The second point which I wish to bring
forward is this. A wise Christian ought always to
remember that there are countless things in the material world around us,
which we do not fully understand. There are mysterious things in
the Book of Nature—as well as in the Bible. Nature's pages
contain hard knots and mysteries—as well as the pages of the Book of God. In
short, science contains its hard things as well as Scripture.
I am quite sure that the wisest and most learned men of
science would be the most ready to admit the truth of what I have just said.
If anything has specially characterized them in every age, it has been their
deep humility. The more they have known—the more they have confessed the
limited extent of their knowledge. The memorable language which Sir Isaac
Newton is said to have used towards the end of his life ought never to be
forgotten: "I have been nothing more than a little child who has picked up a
few shells and pebbles on the shore of the ocean of truth."
How little, to begin with, do we know about the
heavens over our heads, or the earth under our feet! The sun, the
moon, the planets, the fixed stars, the comets—can all supply deep questions
which the wisest astronomers cannot answer. Yet, for all this, who but a
fool would despise the work of Newton, and Halley, and Herschel, and Arago,
and Airey? The age of the globe on which we live, the date and cause
of the various convulsions it has gone through, long before man was created,
the duration of the periods between each change of climate and temperature;
what wise geologists will dare to speak positively of such subjects as
these? They may speculate, and guess, and propound theories.

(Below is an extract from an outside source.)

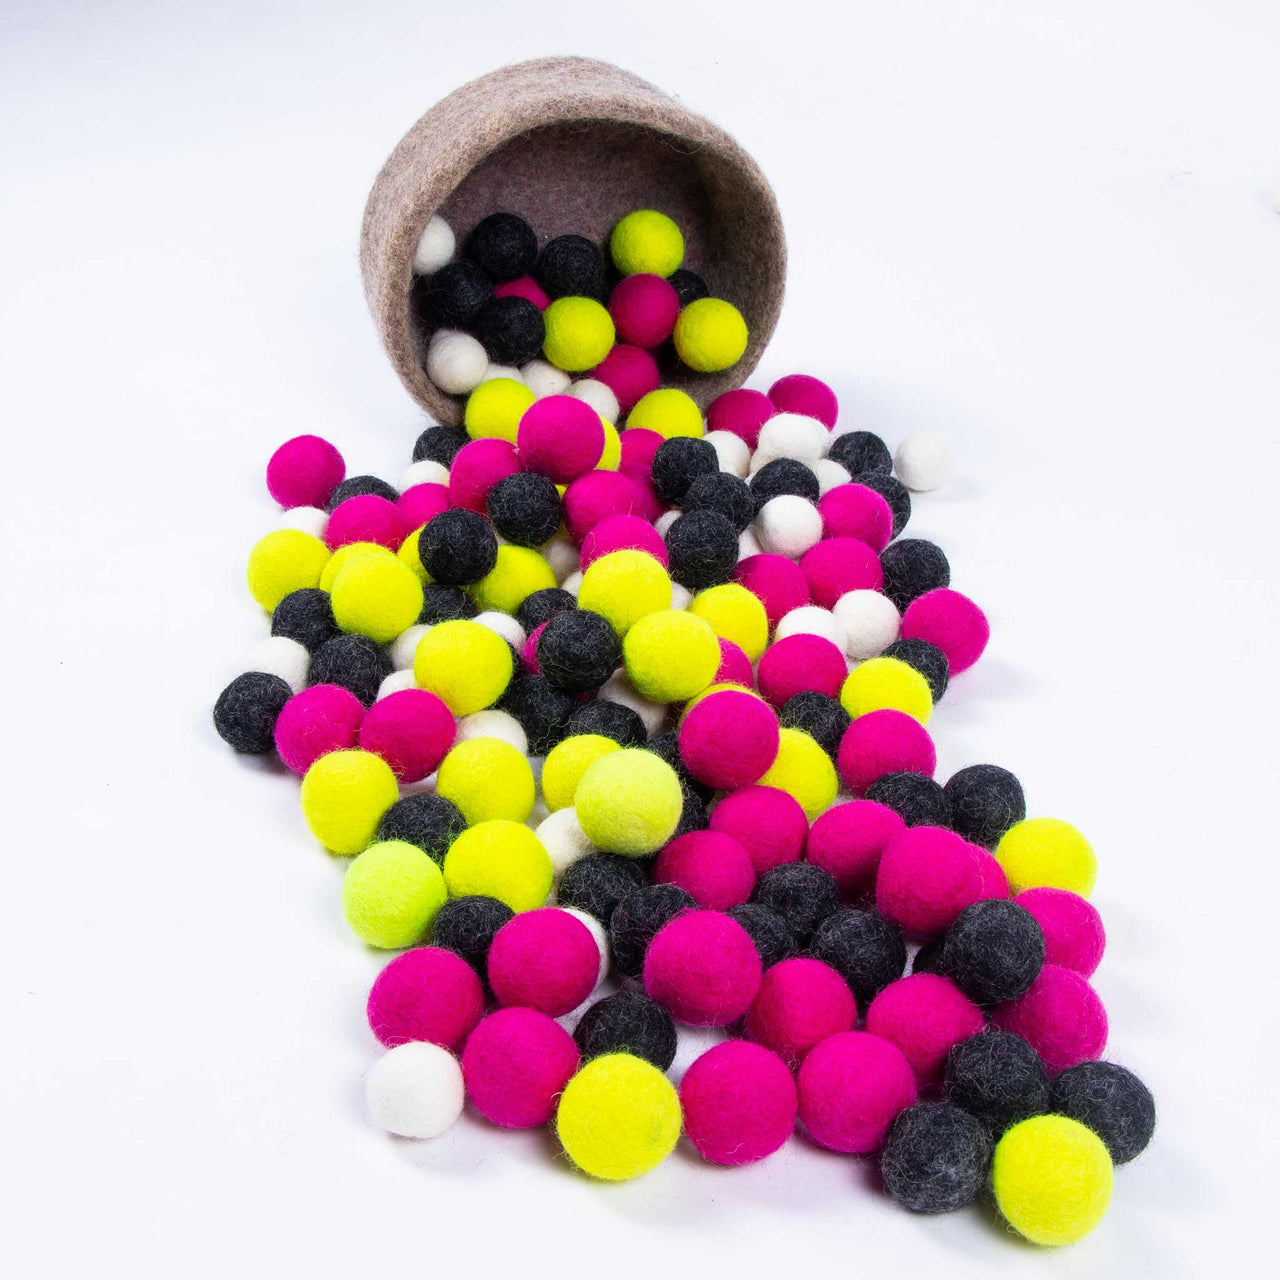 Handmade Felt Balls made from New Zealand Wool, Non-Toxic Bright Colors,  Eco-friendly Cat Toys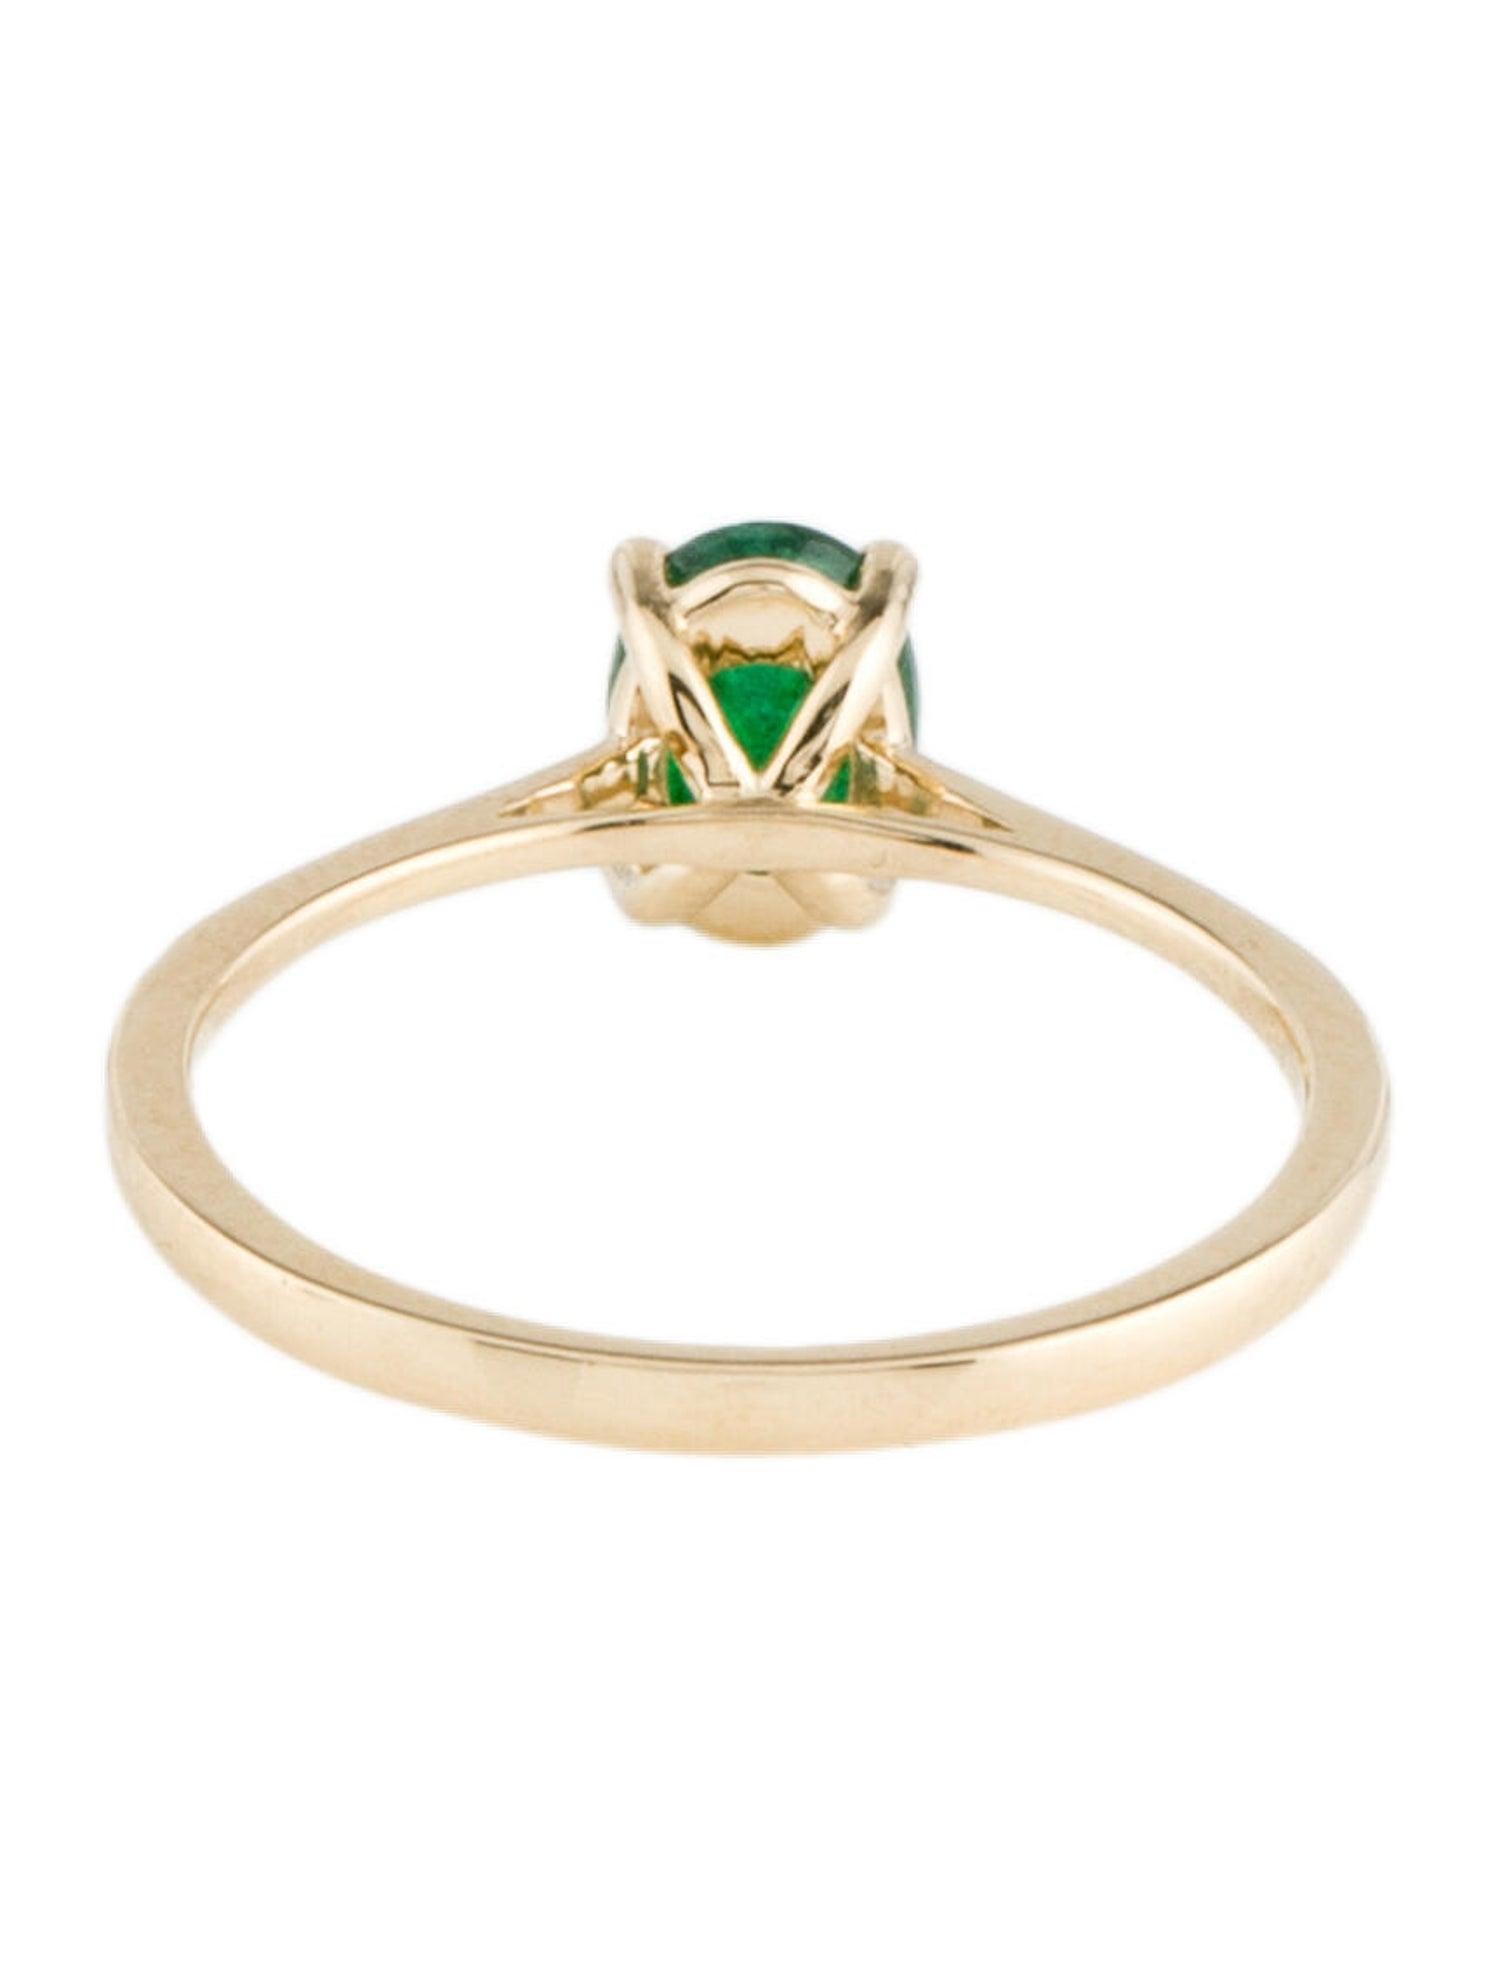 Taille brillant 14K Emerald Cocktail Ring - Size 7 - Timeless Elegance & Luxury Statement Piece en vente

But how often their conclusions have been overthrown! Yet who would dare to
say that Buckland, and Sedgwick, and Phillips, and Lyell, and Murchison, and
Owen had written nothing worth notice?
How little can we account for the action of some deadly
poisons, and especially in the case of snake bites, and hydrophobia! The
virus of a mad dog’s bite, will often remain dormant in the system for
months, and then become active—and defy all medical treatment. But no one
can explain what that virus is. The deaths caused by snake-bites in India
are reported to be about 20,000 a year. Yet to this day, the precise nature
of the cobra’s venom has baffled all chemical analysis, and once received
into the human body, the most skillful doctors find they cannot prevent that
venom causing death. But what man in his senses would conclude that
chemistry and medicine are unworthy of respect, and that Liebig, and
Fresenius, or Hervey, and Hunter, and Jenner, and Watson, have conferred no
benefit on the world?
How little can men of science account for all the
phenomena of light, heat, electricity, magnetism, and chemical action! How
many problems lie under the words, "matter, force, energy," which no one has
solved! Far be it from me, to disparage the extra ordinary advances which
physical science has made in this generation. But I am quite certain that
its leading students, from Faraday downwards, will confess that there are
many things which they cannot explain.
How little do we know about earthquakes, volcanic
eruptions, hurricanes, and epidemics! They come suddenly, like the recent
awful catastrophes at Ischia and Java, or the historic events at Pompeii and
Lisbon. They cause immense destruction of life and property. But why
they come, when they do come, and what laws regulate them, so
that the inhabitants of a country may be prepared for them, even in this
enlightened nineteenth century, we are totally and entirely ignorant! We can
only lay our hands on our mouths—and be still.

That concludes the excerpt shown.